Beyond their various measures, did governments communicate well with citizens?
There have been a lot of disparities. The most effective would have been to say things clearly as quickly as possible, with consistency and transparency. This was essential, even to indicate that the outlook was uncertain, that there were many unknowns, and that efforts would be made to find answers. Giving a name to this coronavirus, Covid-19, has also made it possible to limit false interpretations. The name sometimes given at the outset, such as "the Wuhan flu" or "the Chinese virus" had a racist undertone.
Another mistake was to make contradictory injunctions, especially on the lack of usefulness of wearing masks at the start of the pandemic, followed six months later by a completely opposite message.
Some preliminary results on treatments, like the one based on hydroxychloroquine, were announced too quickly, before full studies were carried out. This has led desperate people to try this type of treatment, sometimes at their peril.
In addition, the name given to some vaccine research programs, such as Operation Warp Speed in the United States, has also undermined public confidence in the quality and risks caused by excessive precipitation. .
From a purely psychological point of view, which consequence of Covid-19 will prove to be the most devastating? Isolation? Domestic violence? The anxiety of losing a job? …
The impact of a pandemic develops dynamically, over a long period of time. Panic buying occurs at the start, domestic violence in a second stage, followed by depression. A second confinement in the middle of winter would greatly increase the risk of depression, or even suicides. It all depends, of course, on individual circumstances. For the youngest, the impact is mainly socio-economic, with few medical risks, while for the older ones, the concerns are mainly medical or social.
"Protests led by vocal minorities have garnered a lot of media attention, which may have given the misleading impression that these movements are more common than they actually are."
The Covid-19 has killed many more people than the terrorist attacks which have deeply marked the spirits. Does being able to attribute direct responsibility to brutal deaths change the way we deal with these collective tragedies?
The approach is similar, because in either case, these deaths are difficult to explain. They are difficult to predict, control and explain, although their shape is very different.
Finding a culprit can make groups feel better about understanding and accepting grief. This is what prompted some to blame the Chinese at the start of the epidemic.
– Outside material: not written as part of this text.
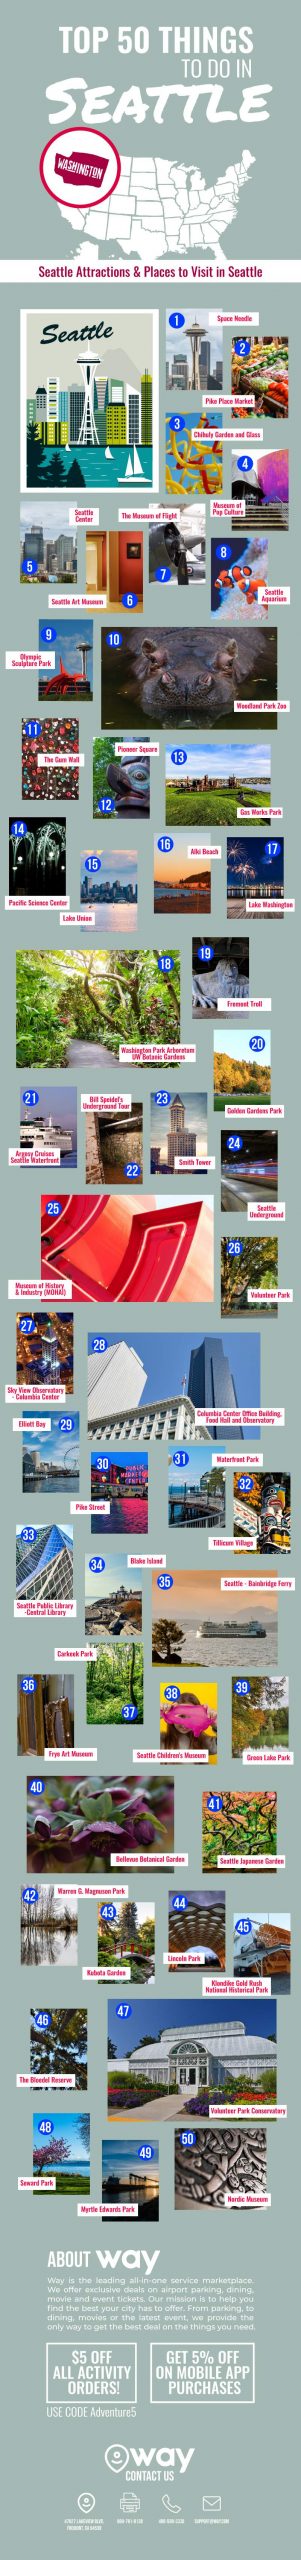 Top 50 Things to do in Seattle

In the United States, some have imagined that the Covid-19 was a biological weapon created by the Chinese … while in China, the Americans have sometimes been referred to as the creators of this biological weapon. This is also why conspiracy theories abound during a pandemic. It is a way to cope with an unforeseeable, mysterious and difficult to accept event.
Faced with the second wave, the communication of the authorities differs greatly from one country to another, despite comparable situations. Alarmism and threat are sometimes privileged, while in other countries citizens are empowered. Is fear more decisive in terms of respect for the rules, or can it on the contrary lead to revolts?
The different communication strategies – with in short, threats of fines on one side and a civic appeal on the other – can work, although the second approach is preferable and less oppressive. Frightened people usually follow the recommendations. Historically, revolts have been rare and are the exception rather than the rule. But sometimes they do. Since the onset of Covid-19, small-scale protests led by vocal minorities have garnered a lot of media attention, which may have given the misleading impression that these movements are more common than they actually are.